- Born: John Evan Weston Davies 25 February 1909 Gloucester, Gloucestershire, England, United Kingdom
- Died: 9 April 1996 (aged 87) East Sussex, United Kingdom
- Occupation: Screenwriter
- Years active: 1955–1969

= Berkely Mather =

British writer (1909–1996)

John Evan Weston-Davies (25 February 1909 - 7 April 1996), also known as Jasper Davies and published under the name Berkely Mather, was a British writer who wrote fifteen published novels and a book of short stories. He also wrote for radio, television and film.

==Biography==

Shortly before World War I, Mather's family emigrated to Australia, where he received his education. He studied medicine, the family profession at Sydney University. Finding himself in England without job prospects at the height of the Great Depression, he enlisted in the Royal Horse Artillery, but was not accepted. He therefore applied to join the Indian Army, in which he rose through the ranks, becoming a sergeant at the start of World War II in 1939. He served in the Iraq campaign under William Slim, and ended the war as an acting lieutenant-colonel. After India gained independence in 1947, he rejoined the British Army, serving in the Royal Artillery until he retired in 1959.

He scripted his first TV series, Tales from Soho in the mid-1950s. Produced by Tony Richardson, it featured his detective Inspector Charlesworth (played by John Welsh), who was used again in later productions. Other TV work included African Patrol, Z Cars, The Avengers and the American series I Spy. Mather's first novel, The Achilles Affair (1959), was a minor best-seller, and his second, The Pass Beyond Kashmir (1960), which received glowing reviews from Ian Fleming and Erle Stanley Gardner, did even better. Ernest Hemingway owned copies of both these novels. Mather's espionage thrillers can be read separately, but are linked to each other by recurring characters, in particular the sardonic and resourceful British agent Idwal Rees, who appears in The Pass Beyond Kashmir, The Terminators and Snowline. His last three novels were a trilogy that followed the fortunes of the Stafford family in the Near and Far East from the middle of the nineteenth century to the middle of the twentieth.

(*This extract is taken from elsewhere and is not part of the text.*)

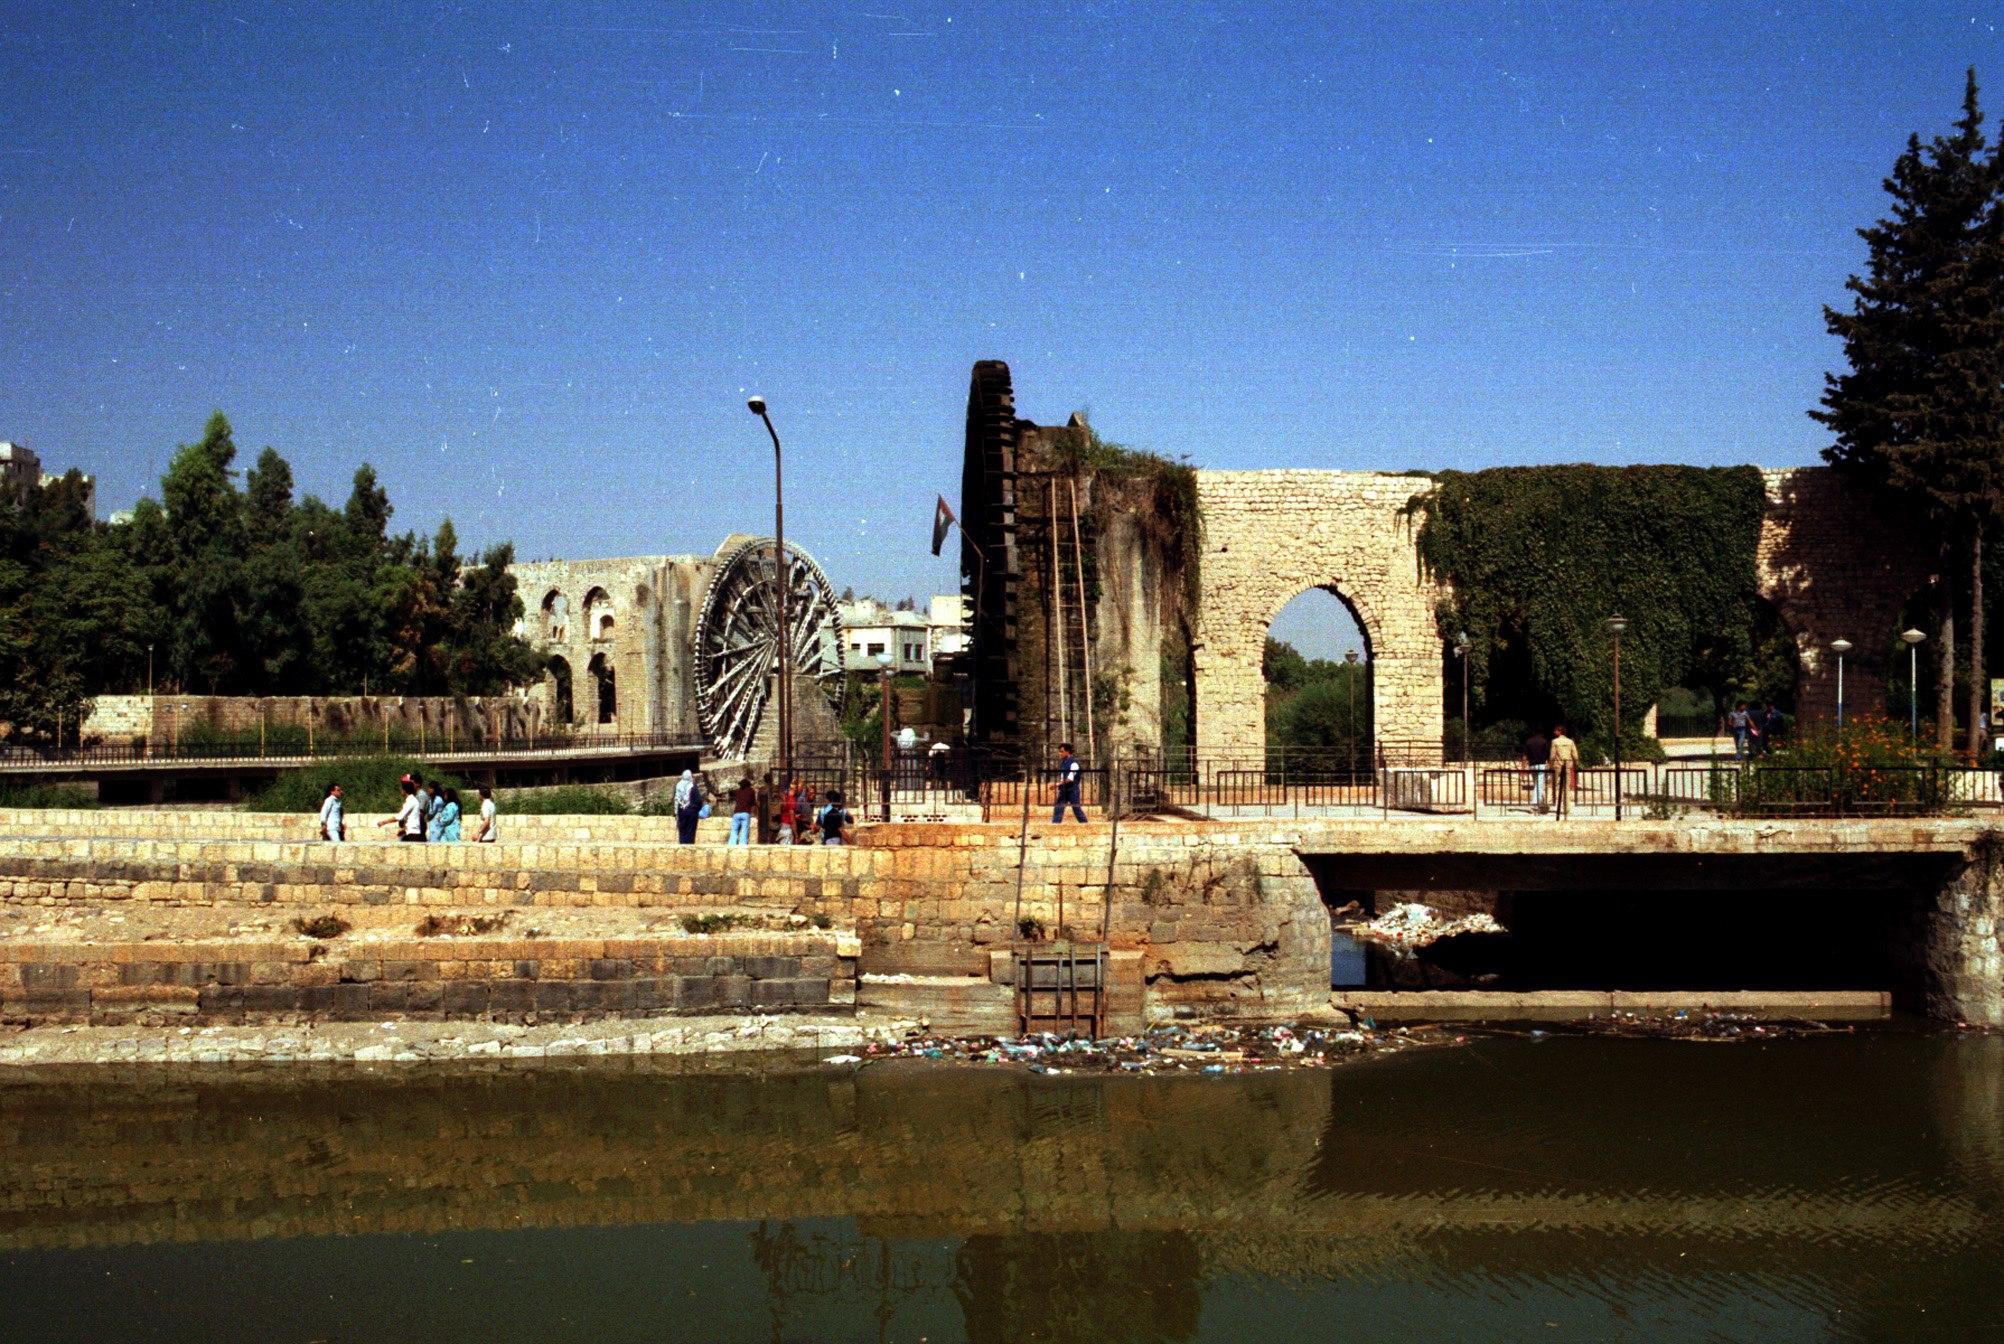 حماة 1985- ناعورة الجسرية وخلفها ناعورة المأمورية ثاني أكبر ناعورة في المدينة

Two of Mather's early books stand somewhat apart from the rest in that they are spin-offs from his work in other media. Geth Straker (1962) started out as a radio serial, hence the tag on the front cover: "Further daring exploits from the log of radio's trouble hunting mariner". The book contains four stories. Genghis Khan (1965) is a novelisation of the 1965 film of the same name, for which he had written the original story. Mather's other motion picture credits include The Long Ships and Dr. No with Mather borrowing a copy of Fleming's original novel from his son. Mather also provided uncredited rewrites of the screenplays for From Russia with Love and Goldfinger.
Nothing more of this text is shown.